Raw data START

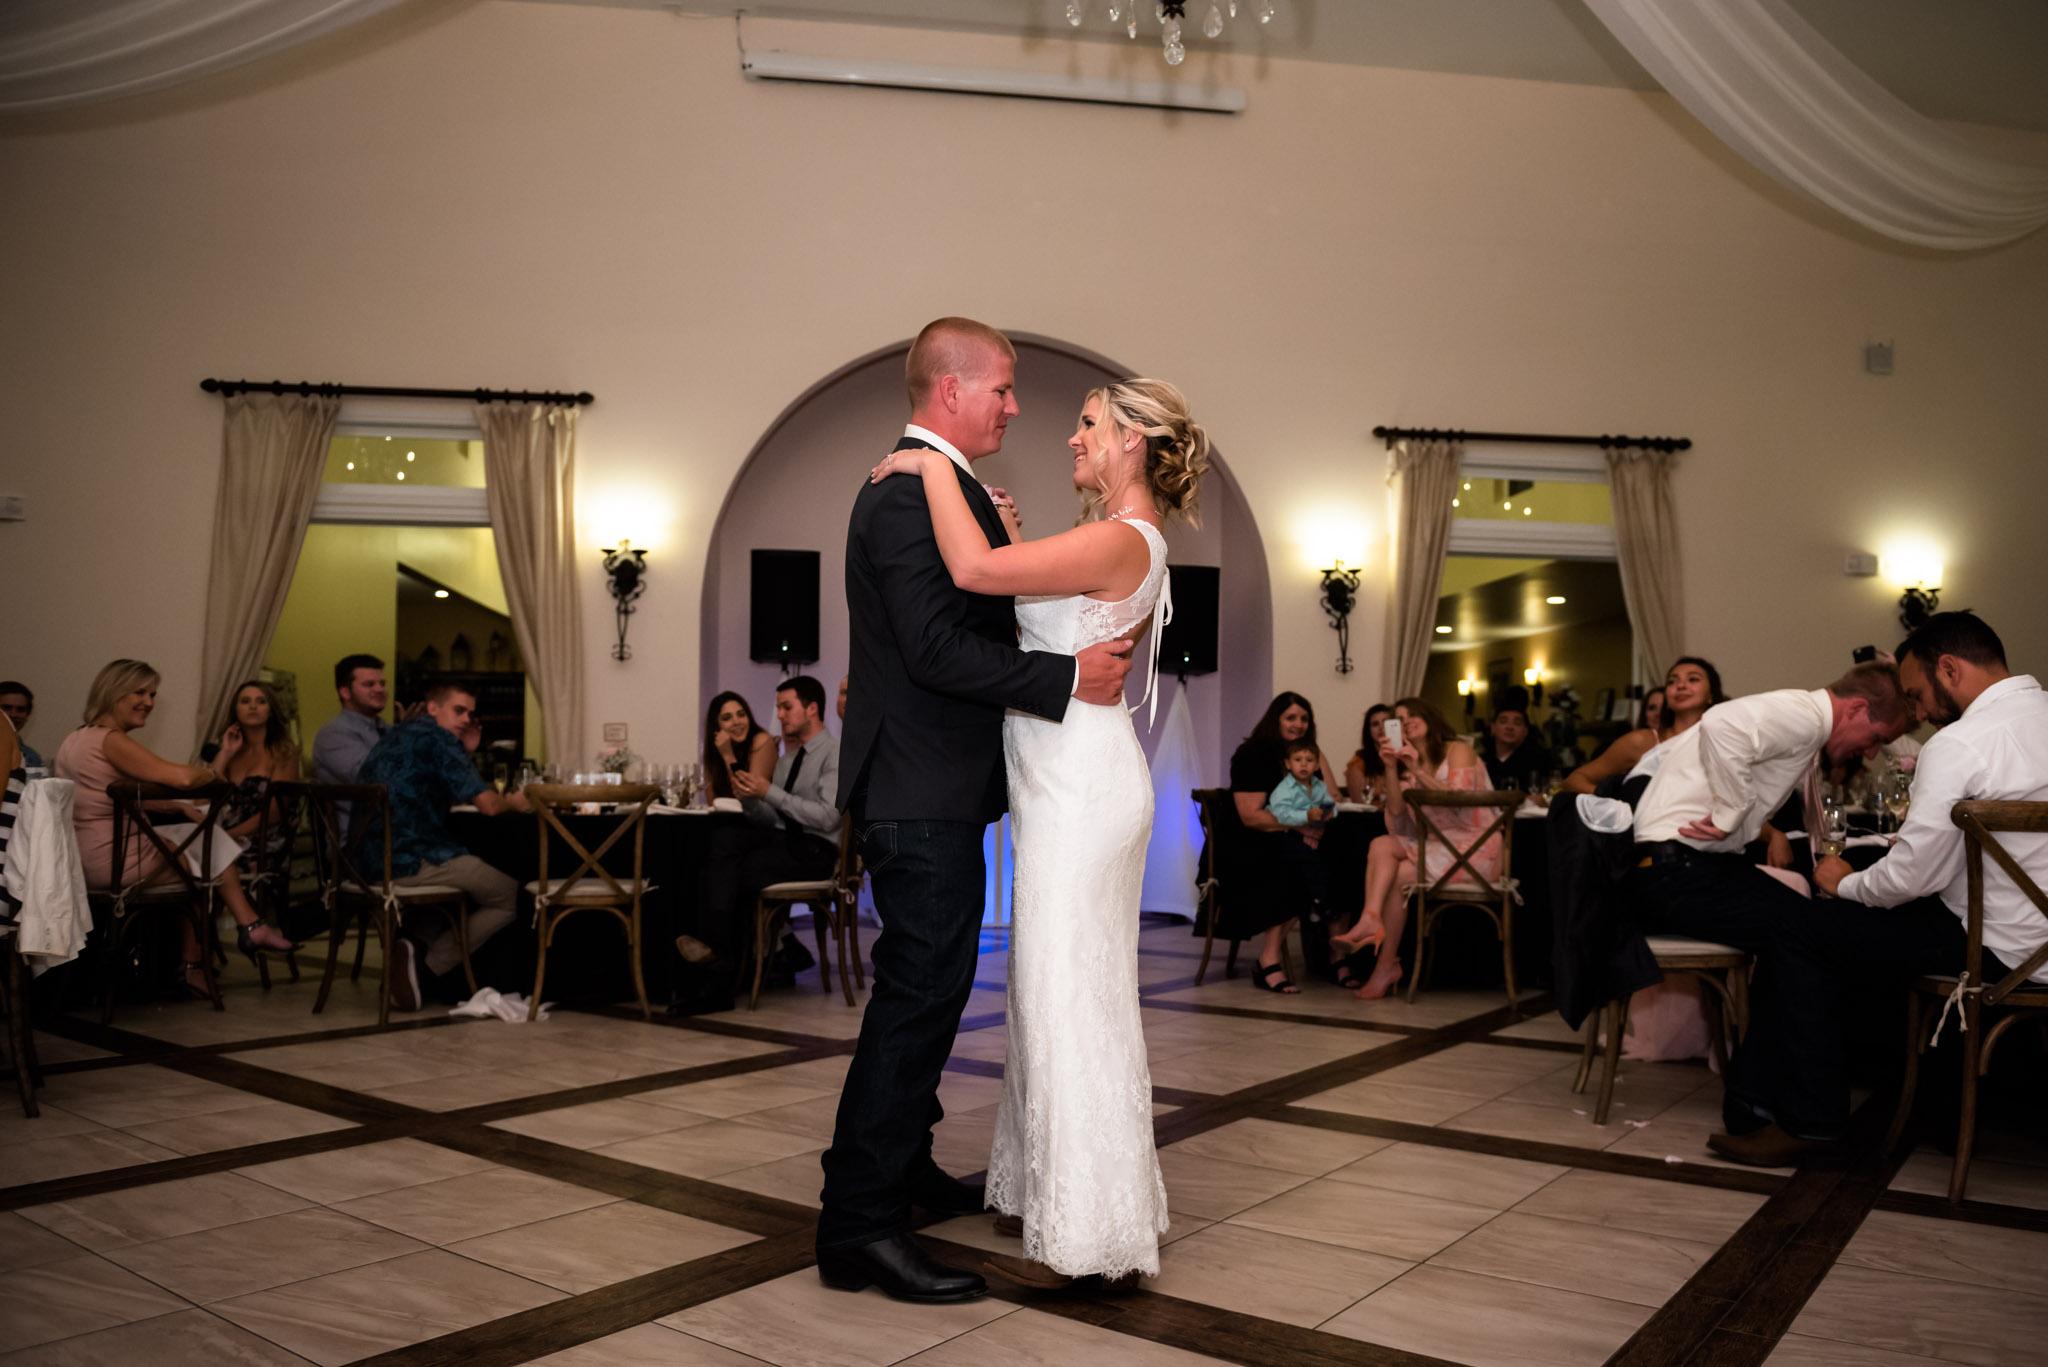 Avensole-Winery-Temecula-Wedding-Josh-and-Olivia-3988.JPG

Raw data END
Raw data START

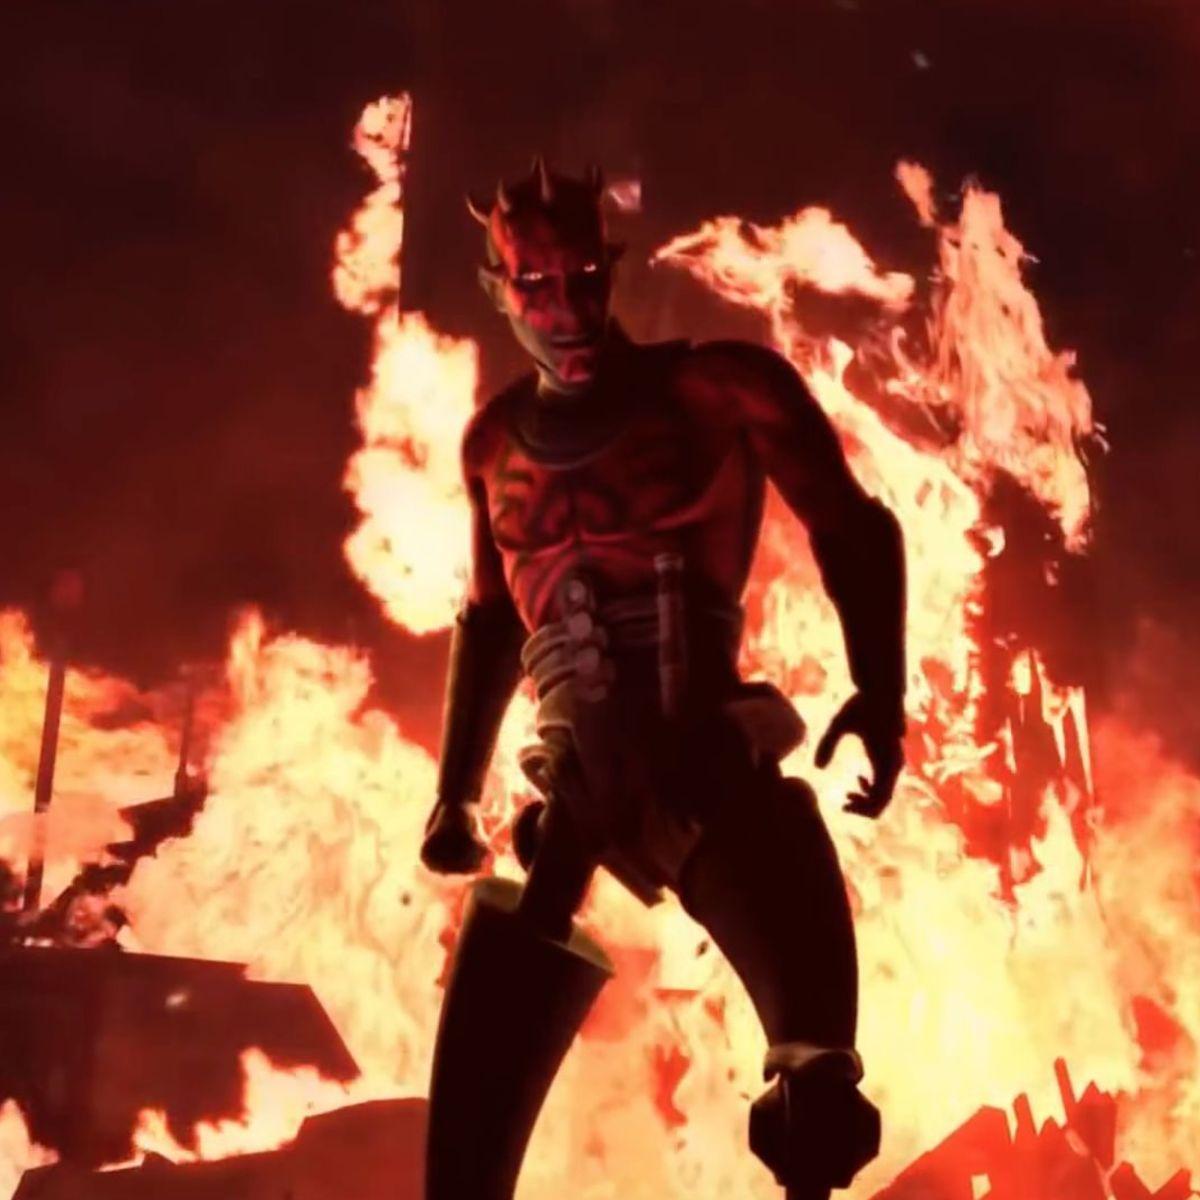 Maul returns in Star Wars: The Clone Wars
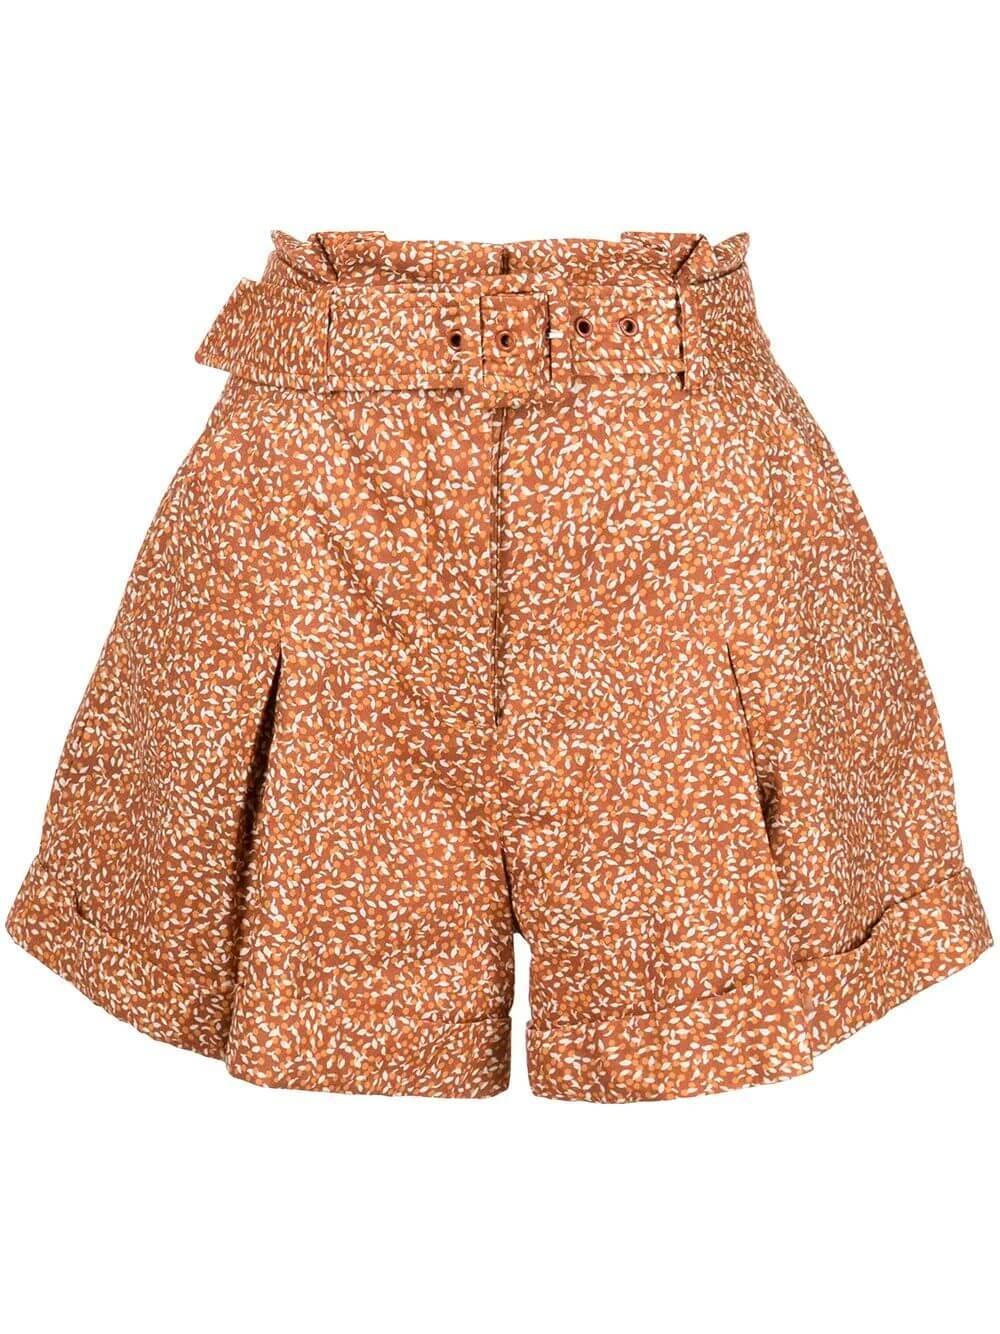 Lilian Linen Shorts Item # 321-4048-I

Raw data END

- **What you have to do**
Above are the records; please give again, exactly and in full, only the lines that run from the line with "Maul returns in Star Wars: The Clone Wars" through the line with "Lilian Linen Shorts Item # 321-4048-I", with no pictures.

- **Written response**
 Maul returns in Star Wars: The Clone Wars
 Lilian Linen Shorts Item # 321-4048-I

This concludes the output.